Three weeks ago, Harmon was appointed chief after Mack Vines was fired.

At 42, Harmon inherits a staff of 514 officers, many of whom are unhappy with salary issues and the administration's style of law enforcement.

"There's one thing that I really need y'all to know," Harmon told the audience when he took the podium. "I am not coach Spurrier. I am not going to be coach Spurrier, and I'm not going to coach like coach Spurrier."

The audience chuckled.

His appearance before members and guests of the Tiger Bay Club was his political debut. Known for their questions, members -- or as they are called, "Tigers" -- lobbed a few softballs but also swiped at the jugular.

Joan Deguire, a 30-year St. Petersburg resident, asked the toughest of the dozen questions and won a stuffed tiger at the end for doing so. She told Harmon that past police administrations have followed a path of least resistance with drug enforcement only to keep peace in a community rocked by civil disturbances five years ago.

"The perception is that you have two choices: You can follow the path of least resistance or you can put your head in the noose. Which one would you choose?"

Harmon said that his policing style will be a balancing act.

"I just need to be careful how I balance," he said.

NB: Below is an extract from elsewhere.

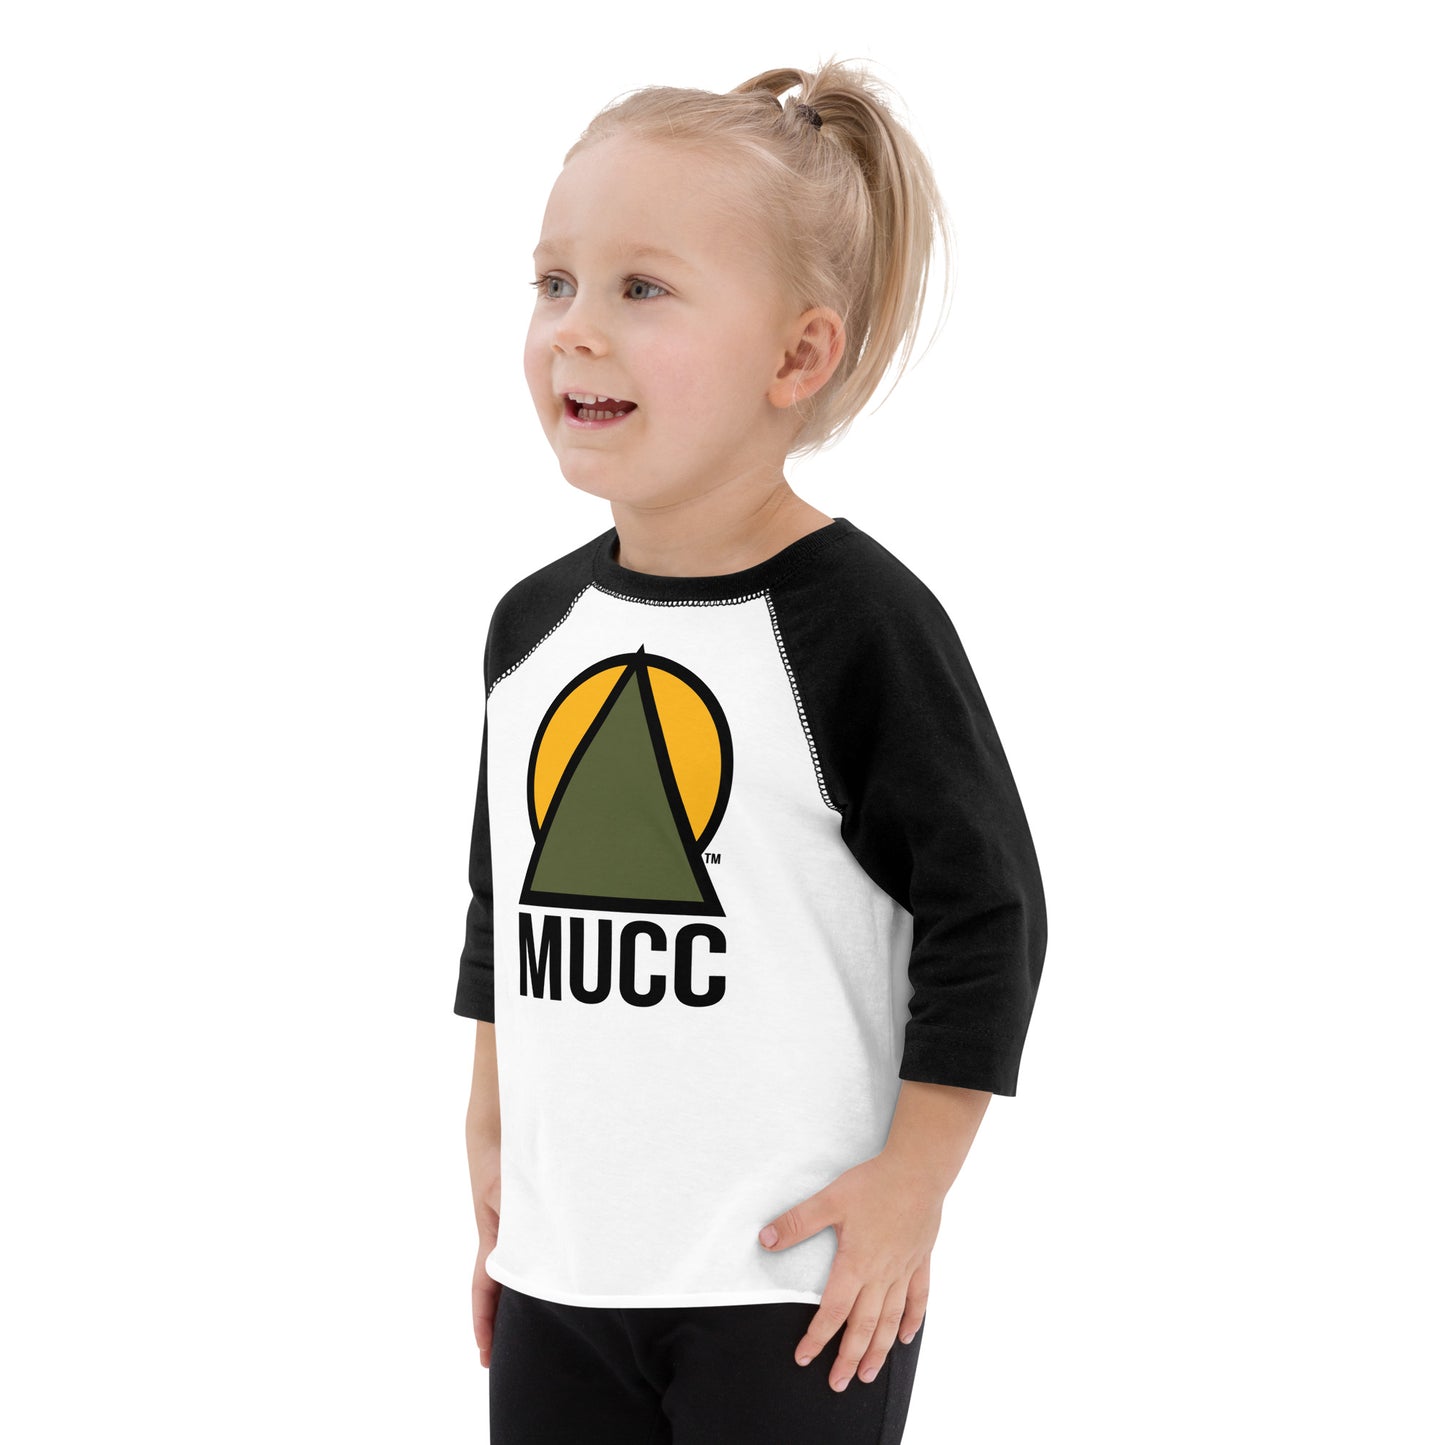 Toddler MUCC Baseball shirt

Bob Safransky asked Harmon if he would implement the "mayor Giuliani type of law enforcement."

Harmon said Giuliani's style would not be successful in St. Petersburg. Giuliani was known for a tough stance on law and order.

Harmon is not rigid when it comes to strictly enforcing certain minor crimes. He says he will attack issues based on community demand, and that those issues are different in every neighborhood.

"There's so many areas and vast changes in diversity in this community that I don't think I'm going to go in there and tell you, "You know what? Everybody that drinks alcohol within 500 feet of a liquor establishment in this area of this whole city is going to be going to jail.' I don't think that's the right thing to do."

His policing philosophy is to engage the community. The top crime concerns of residents may not always be what the police consider the issues.

"Policing in itself is diverse as well as the diverse population that we serve," Harmon said. "Different areas of the city have different needs. People are going to have to tell us and work with us on issues they want addressed."

Still, one area that needs attention, according to Harmon, is drug enforcement. St. Petersburg drug arrests in 2001 dropped 19 percent compared to the year before, he said.

"We've got to build that number back up," Harmon said.